ASSIGNED TASK.
Using the records below, copy exactly the part that opens with the line holding "Fahrrad Straßenschild foto" and closes with the line holding "Premium Style iPhone/iPad用", minus the pictures.

EXCERPTED DATA.
== Segment start ==
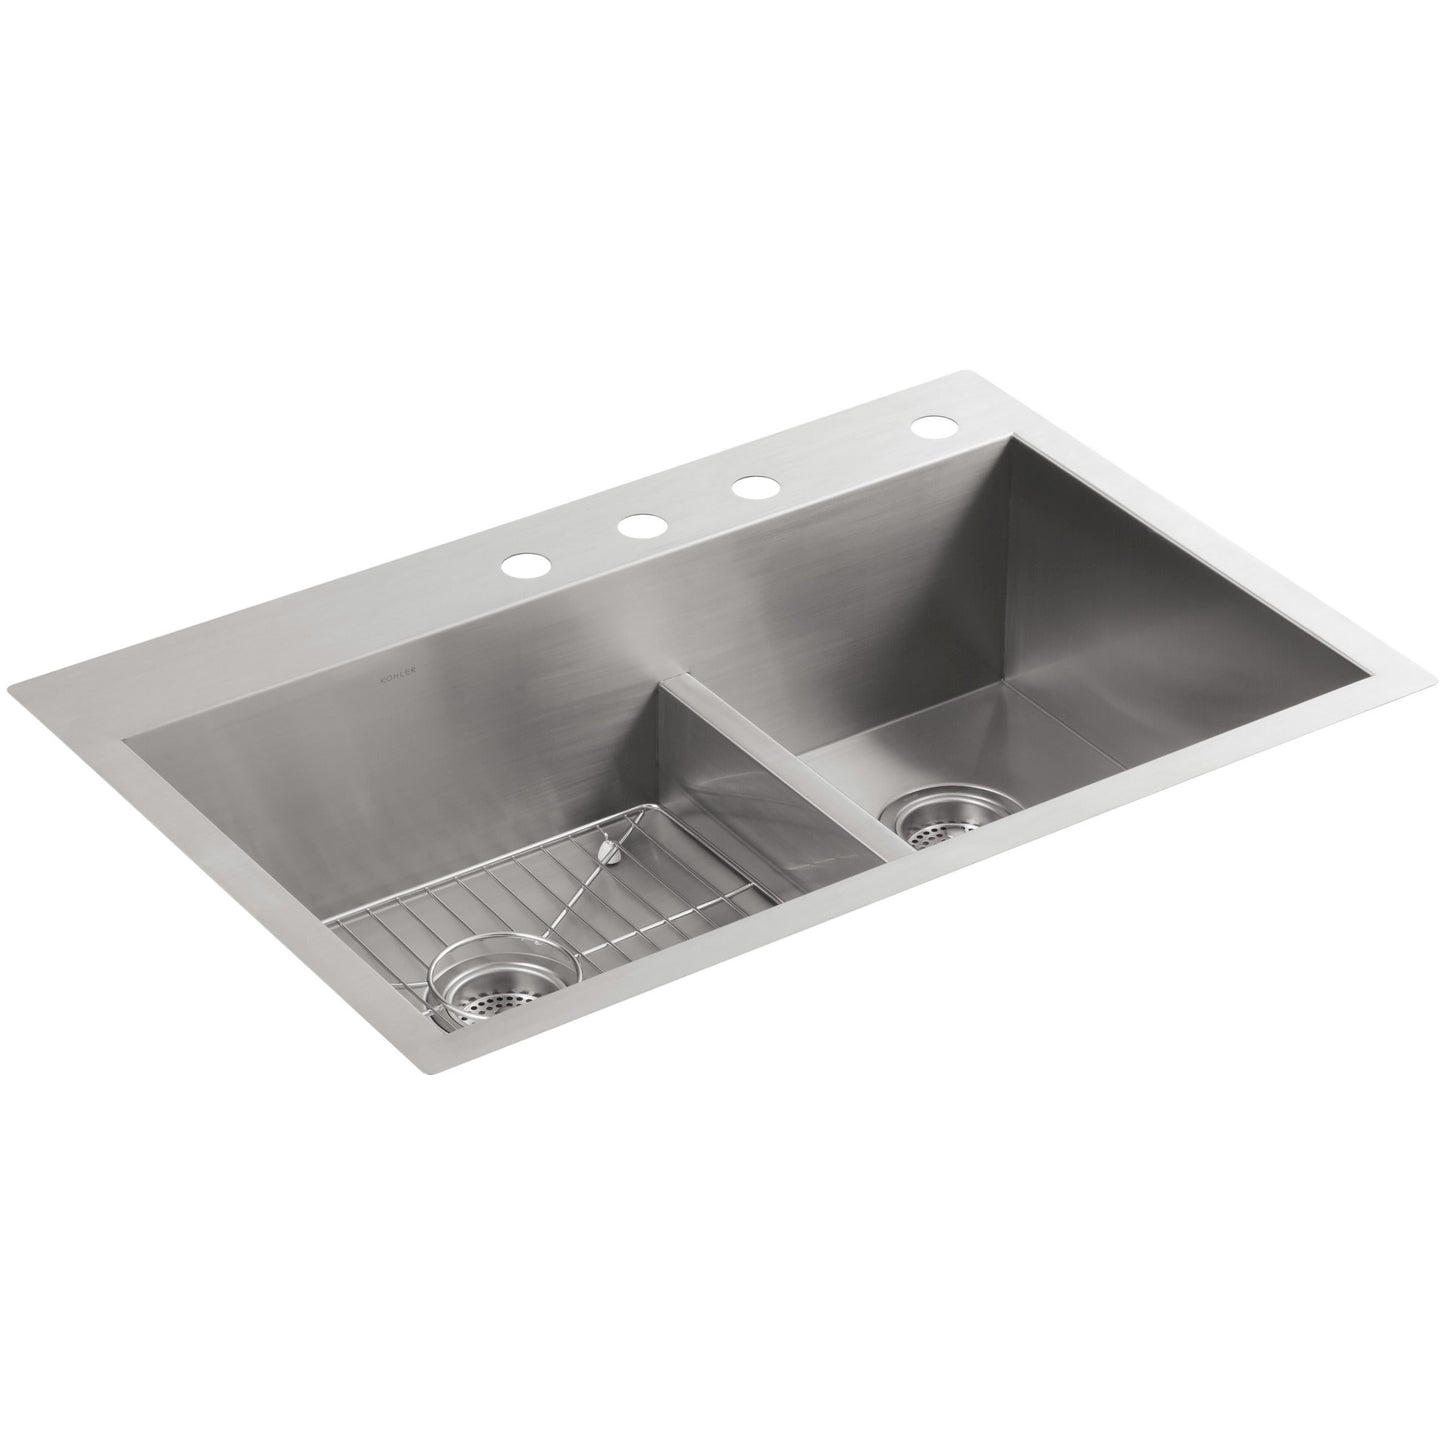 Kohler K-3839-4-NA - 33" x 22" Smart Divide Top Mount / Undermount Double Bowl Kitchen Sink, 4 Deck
== Segment end ==
== Segment start ==
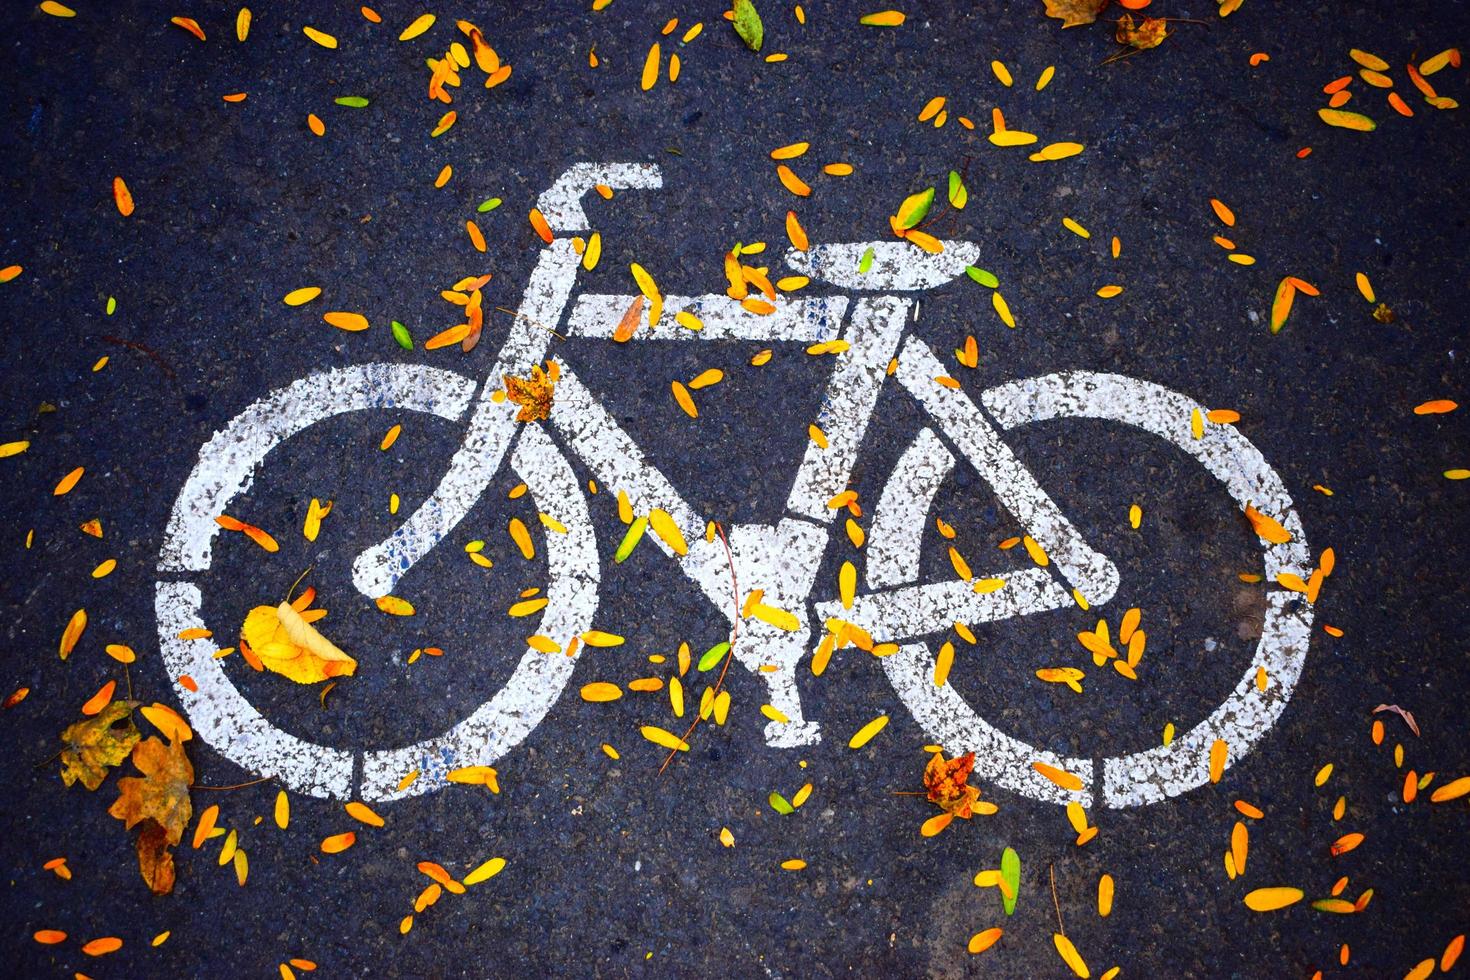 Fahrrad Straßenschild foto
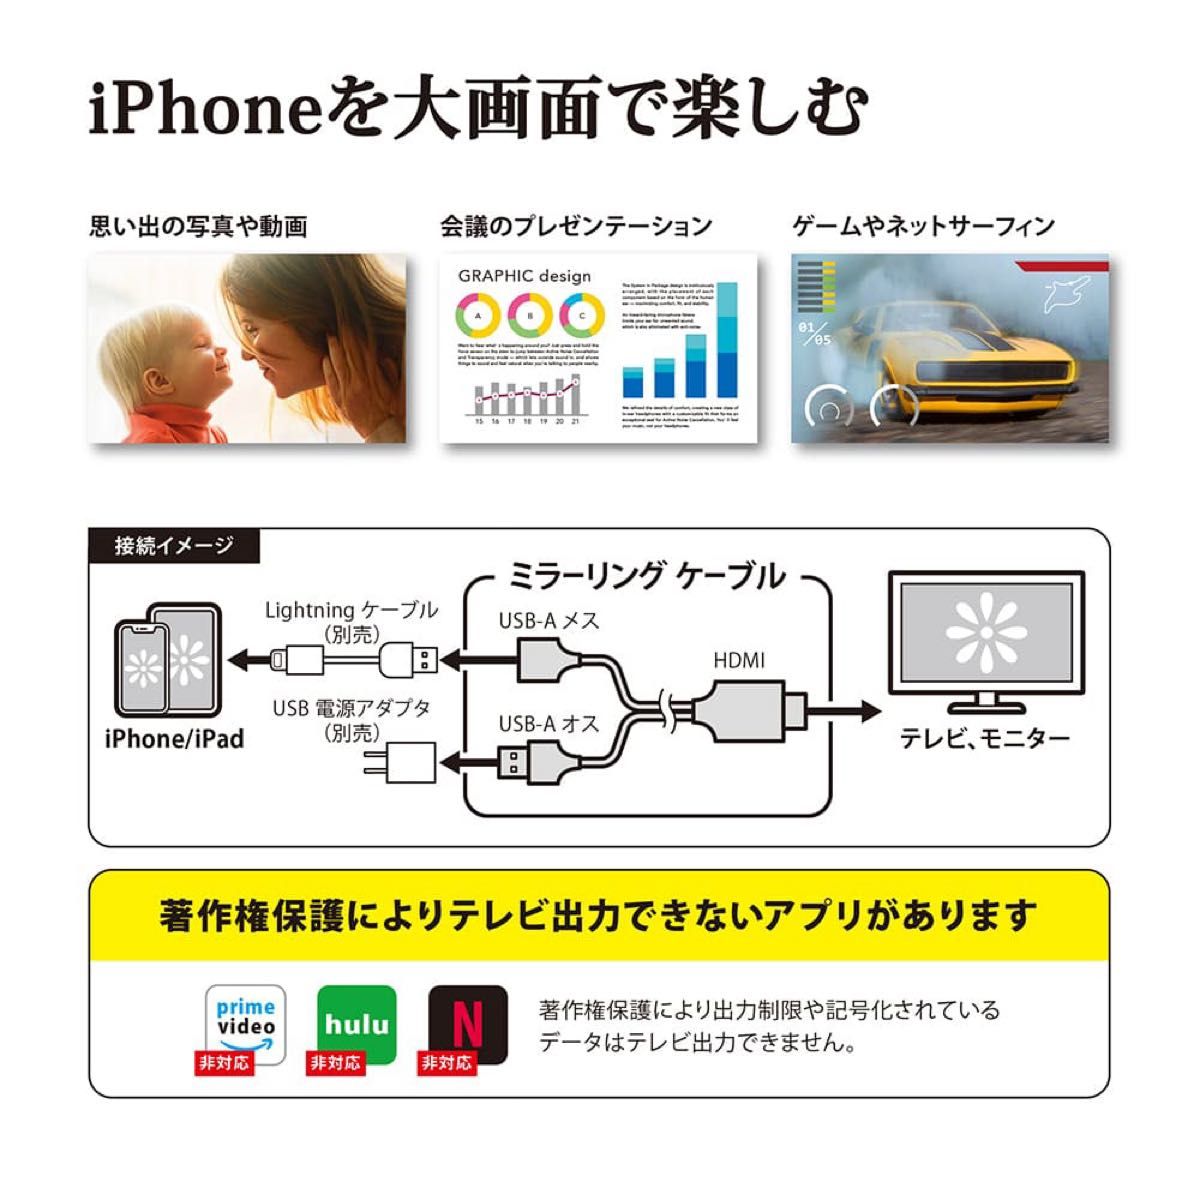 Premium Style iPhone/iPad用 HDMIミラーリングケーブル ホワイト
== Segment end ==
== Segment start ==
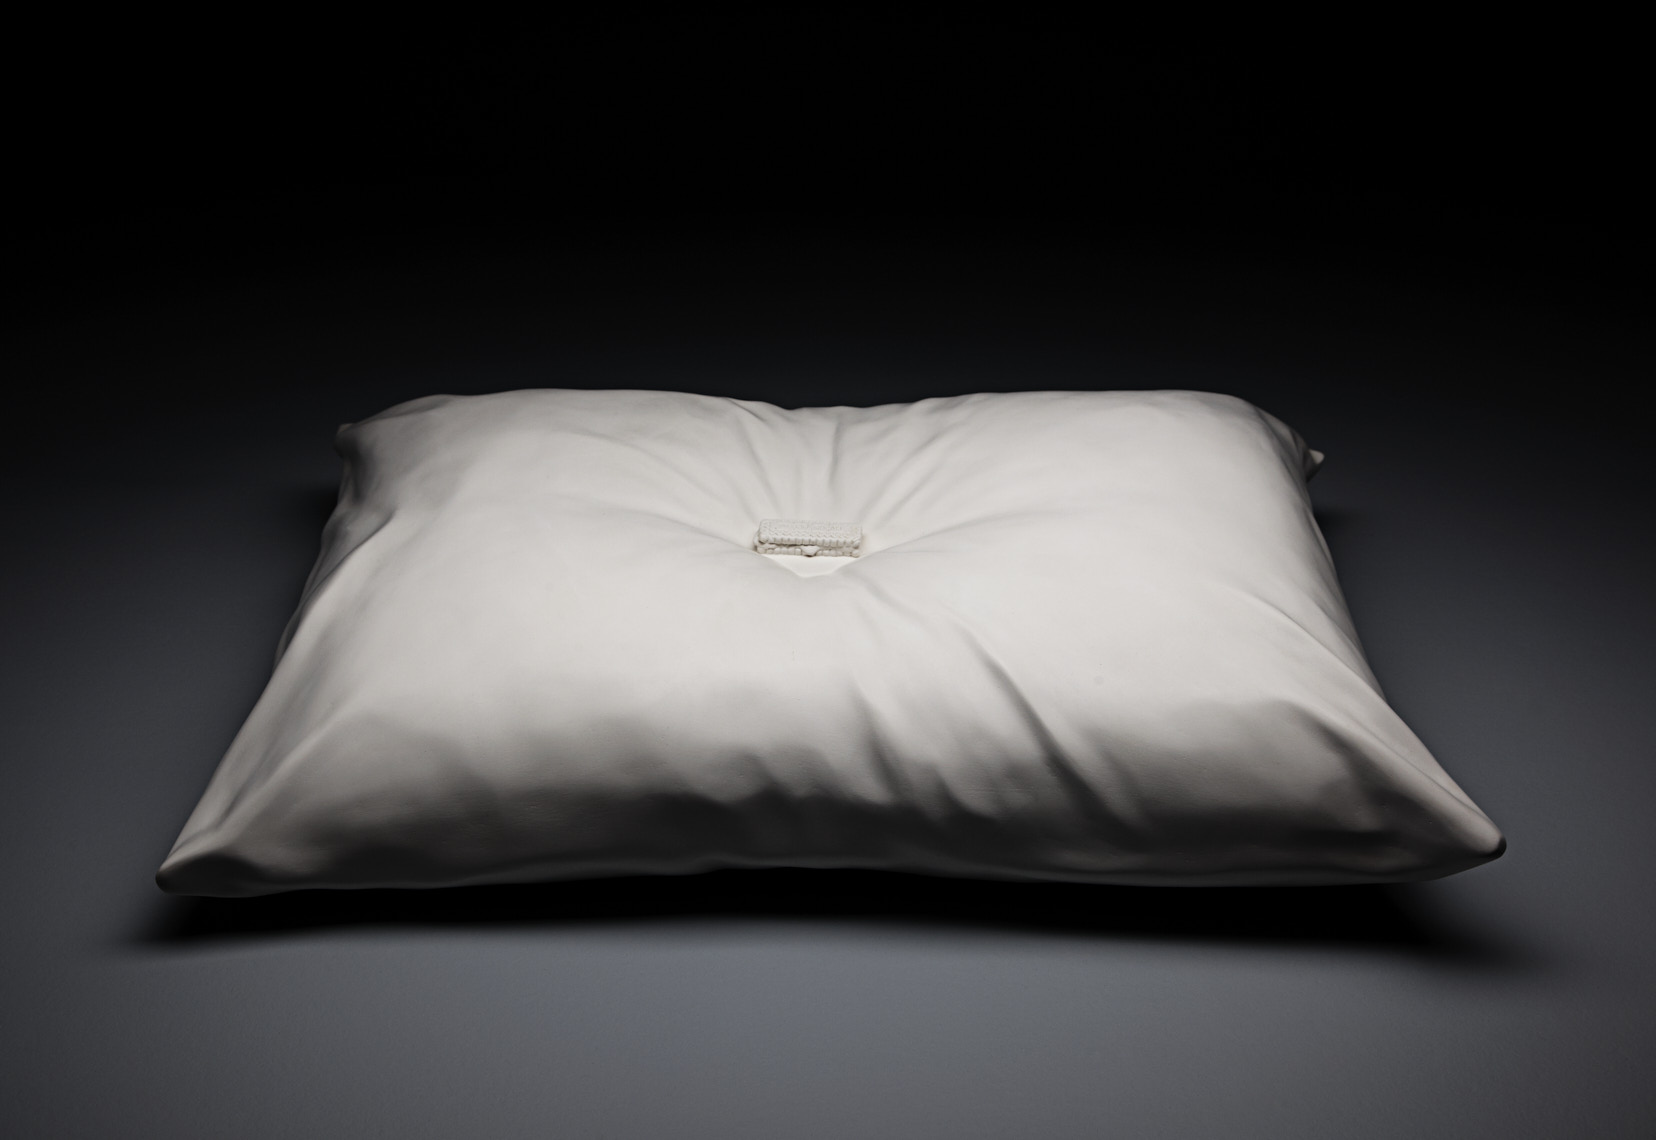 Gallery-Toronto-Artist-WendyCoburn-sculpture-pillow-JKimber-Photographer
== Segment end ==
COMPLETED TASK.
 Fahrrad Straßenschild foto
 Premium Style iPhone/iPad用 HDMIミラーリングケーブル ホワイト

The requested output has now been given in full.